### PROBLEM DETAILS
Could you repeat the whole listing below exactly, omitting any picture it holds?

### SOURCE DATA
╭──

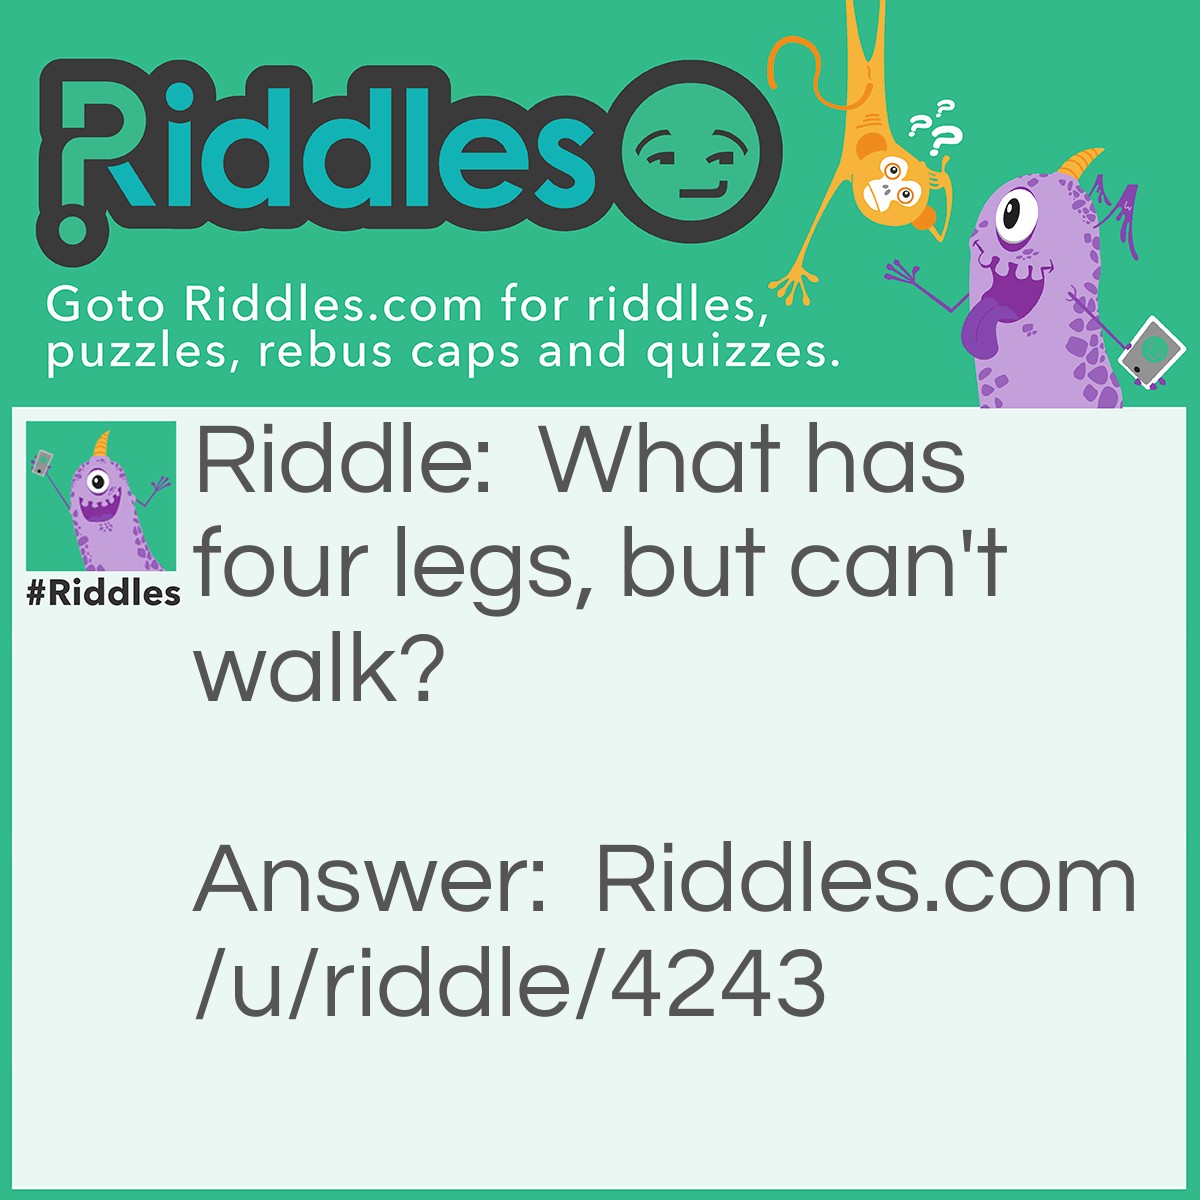 Riddle: What has four legs, but can't walk? Answer: A table.
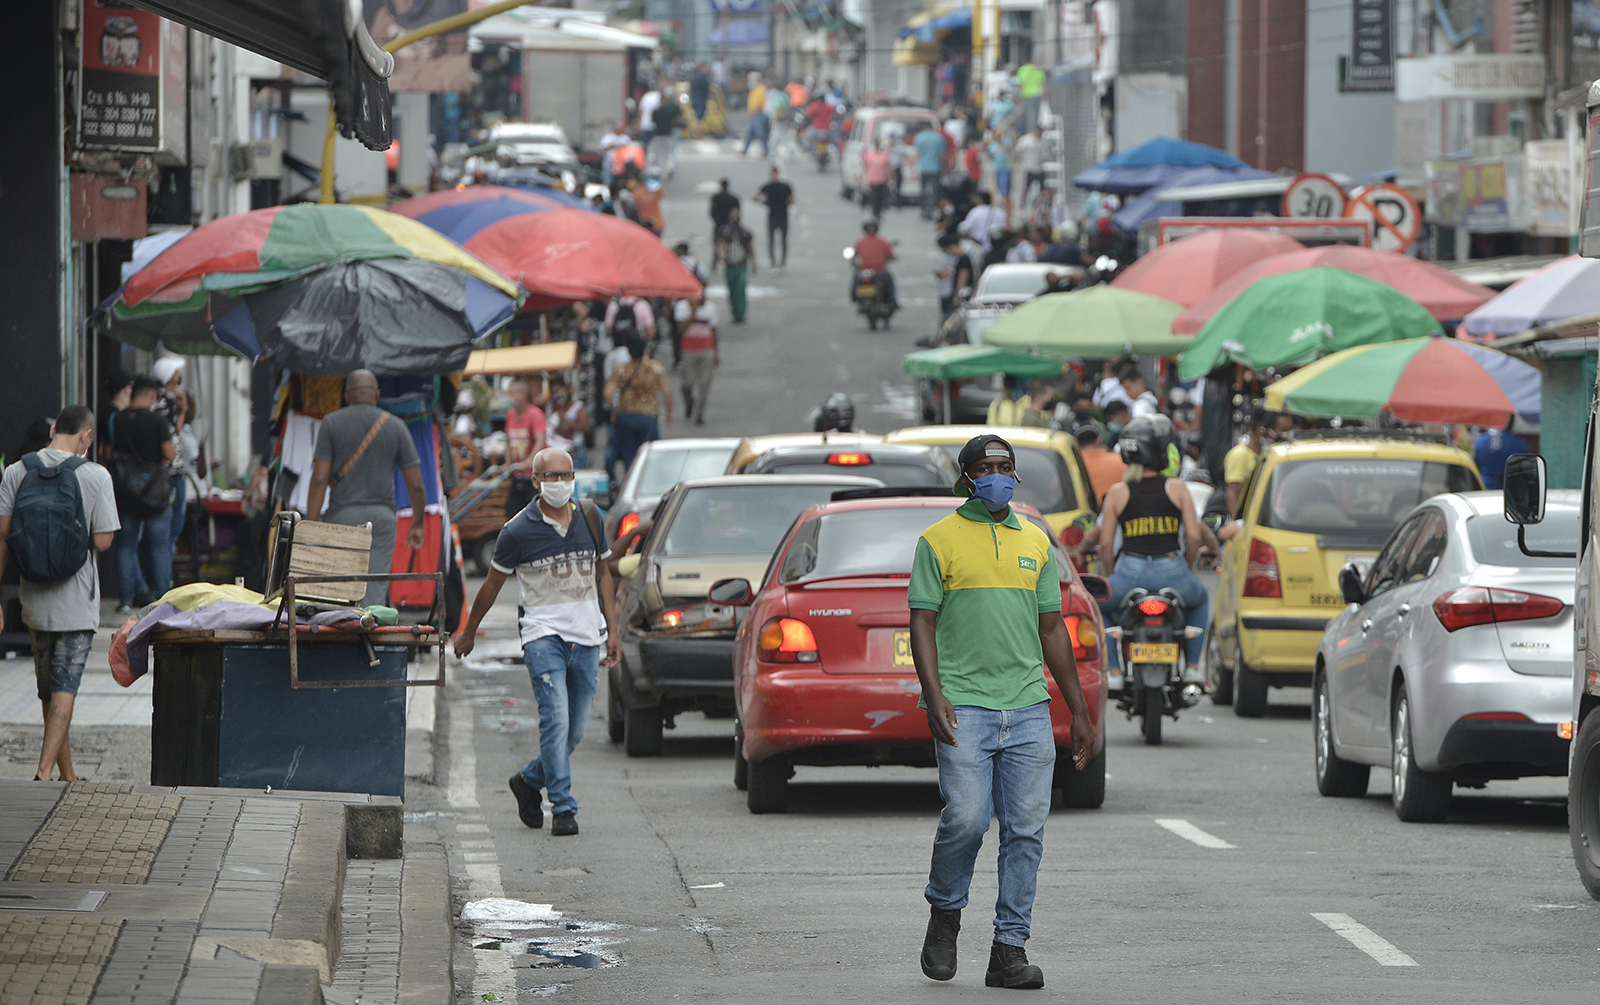 A man wearing a face mask walks down a busy street in Cali, Colombia, on June 1.
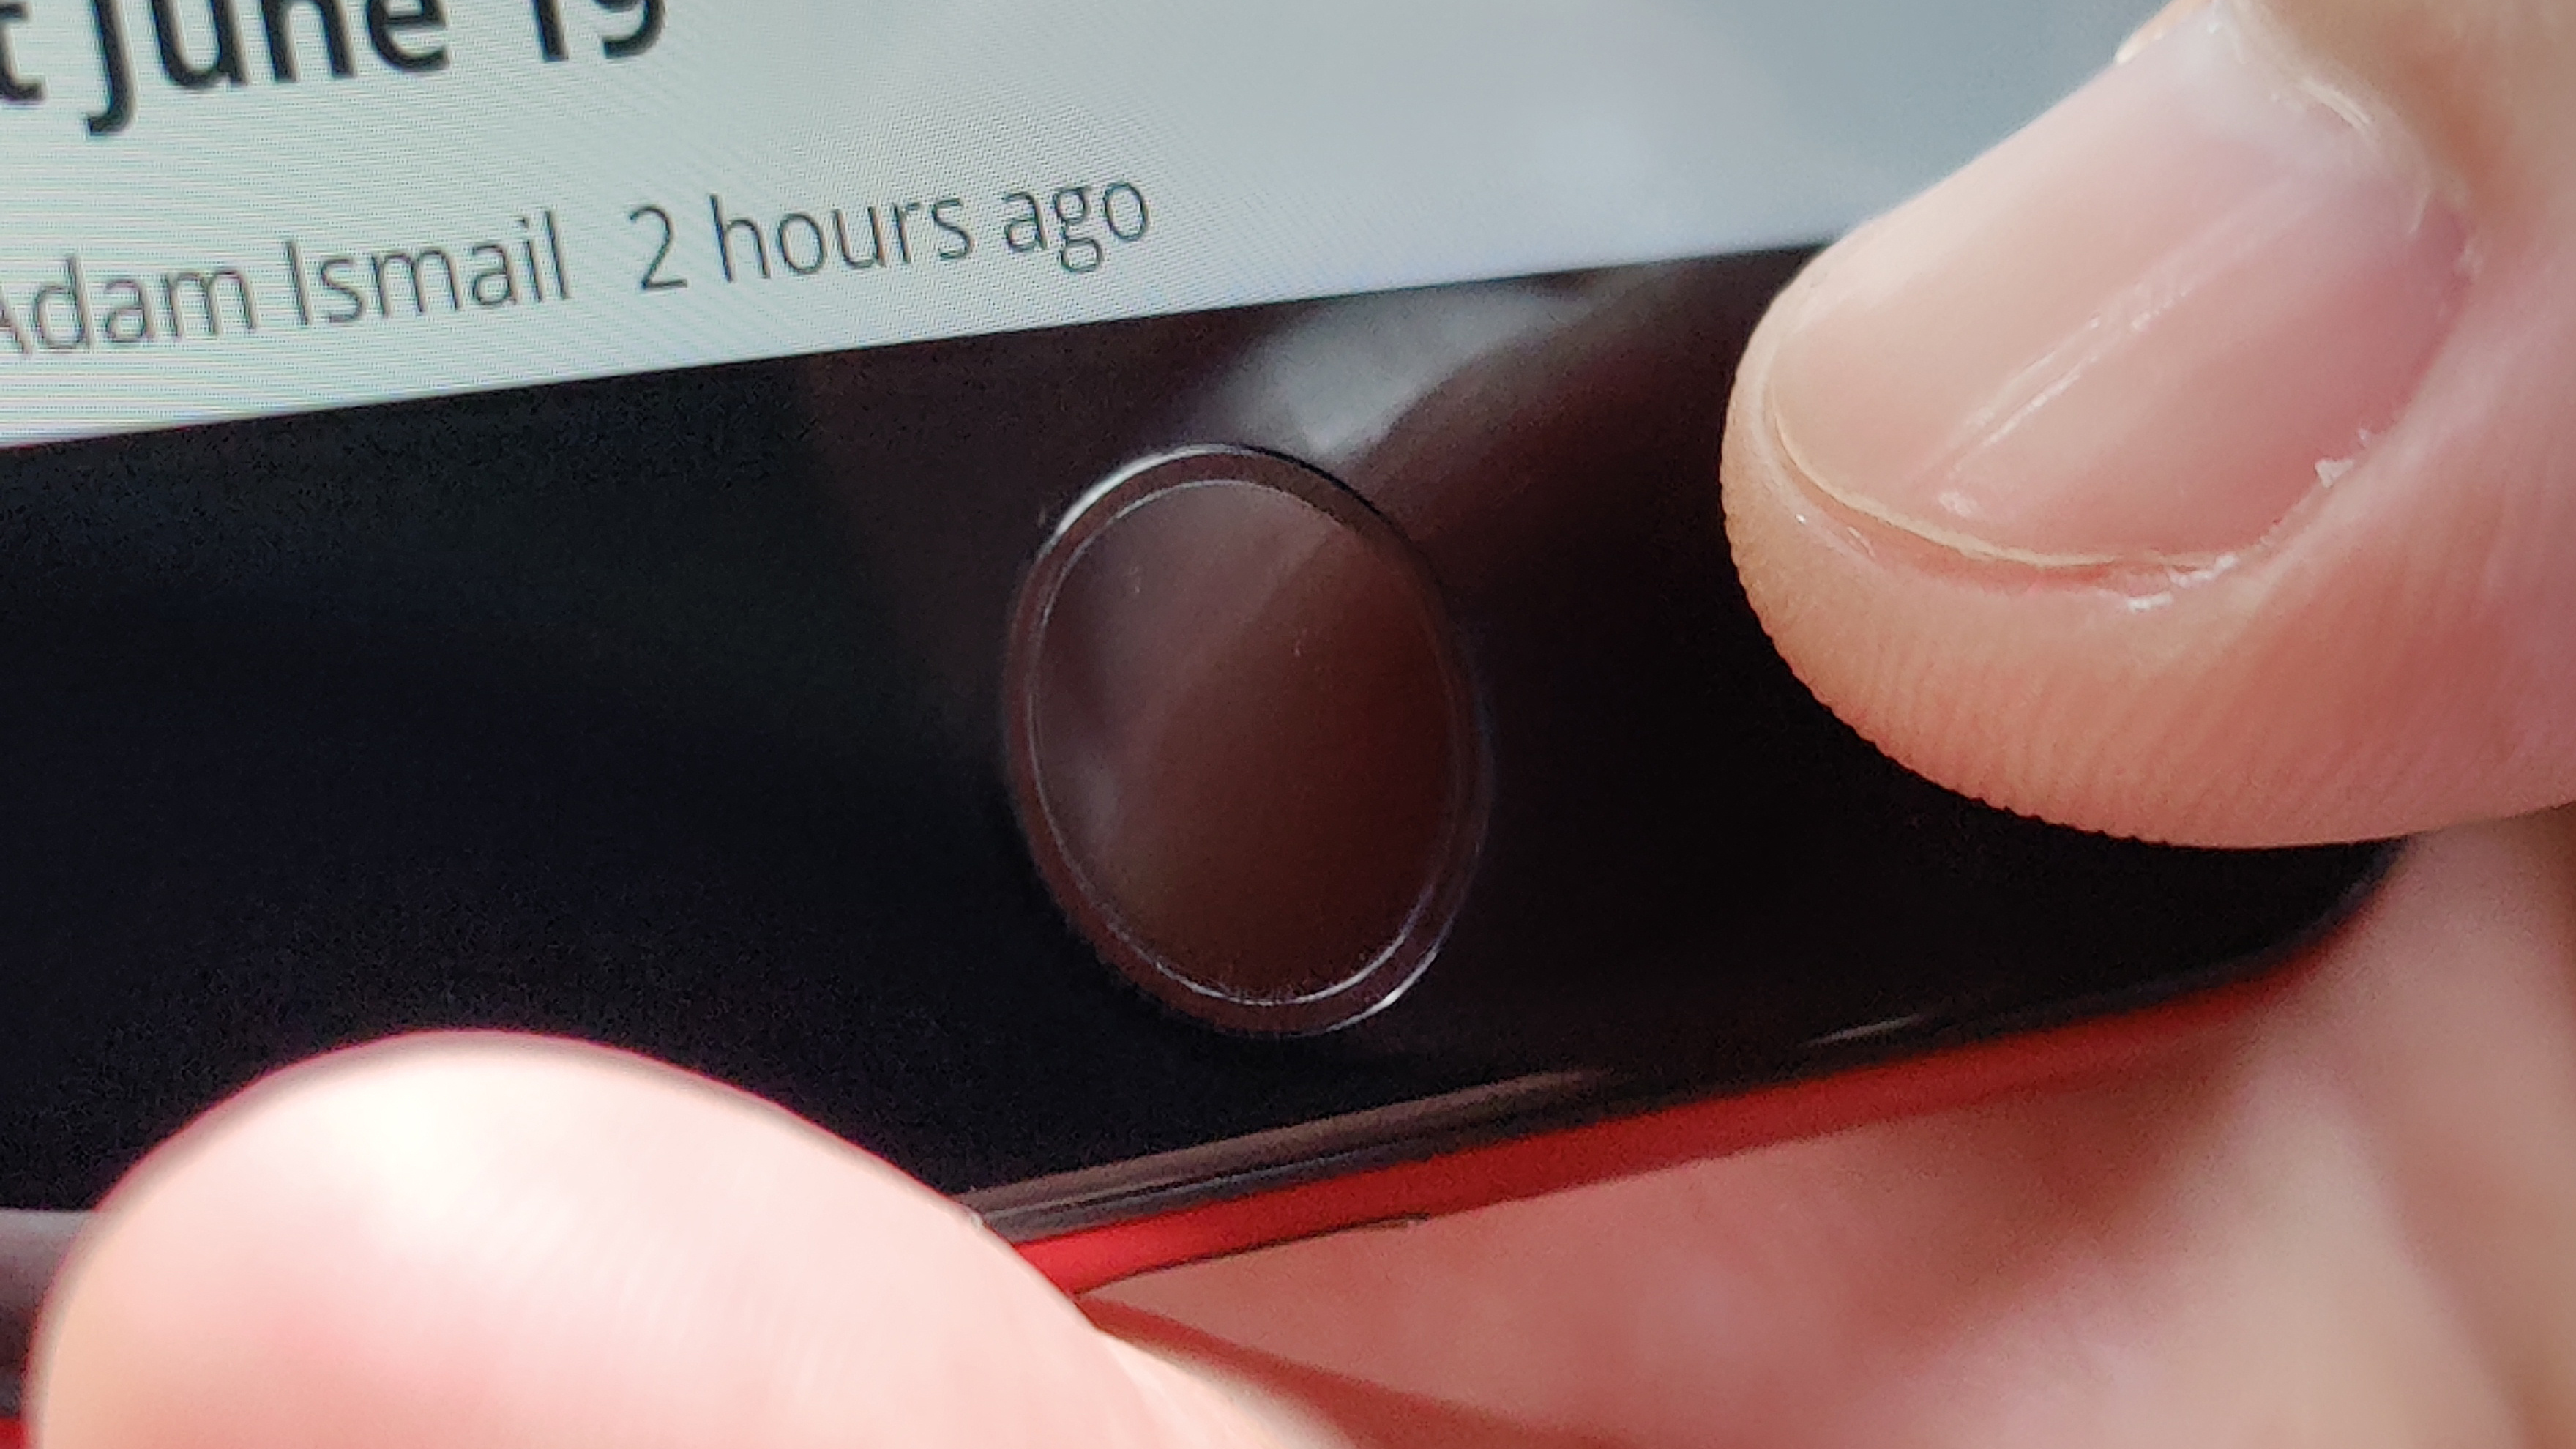 The Touch ID/Home button of the iPhone SE.
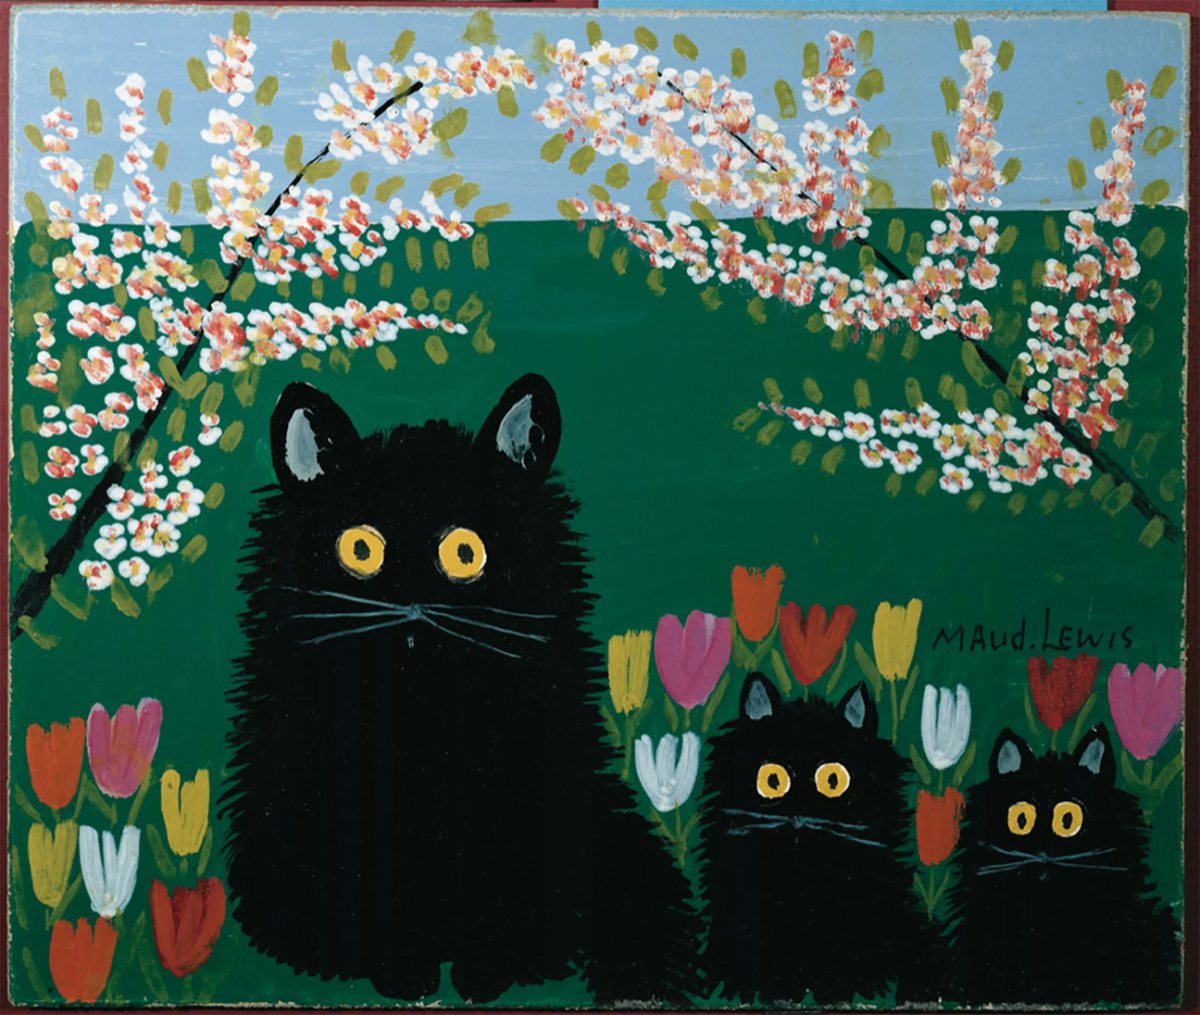 A Maud Lewis painting of three black cats in a folk art style with flowers behind.

╰──

### SOLVED PROBLEM
 Riddle: What has four legs, but can't walk? Answer: A table.
 A man wearing a face mask walks down a busy street in Cali, Colombia, on June 1.
 The Touch ID/Home button of the iPhone SE.
 A Maud Lewis painting of three black cats in a folk art style with flowers behind.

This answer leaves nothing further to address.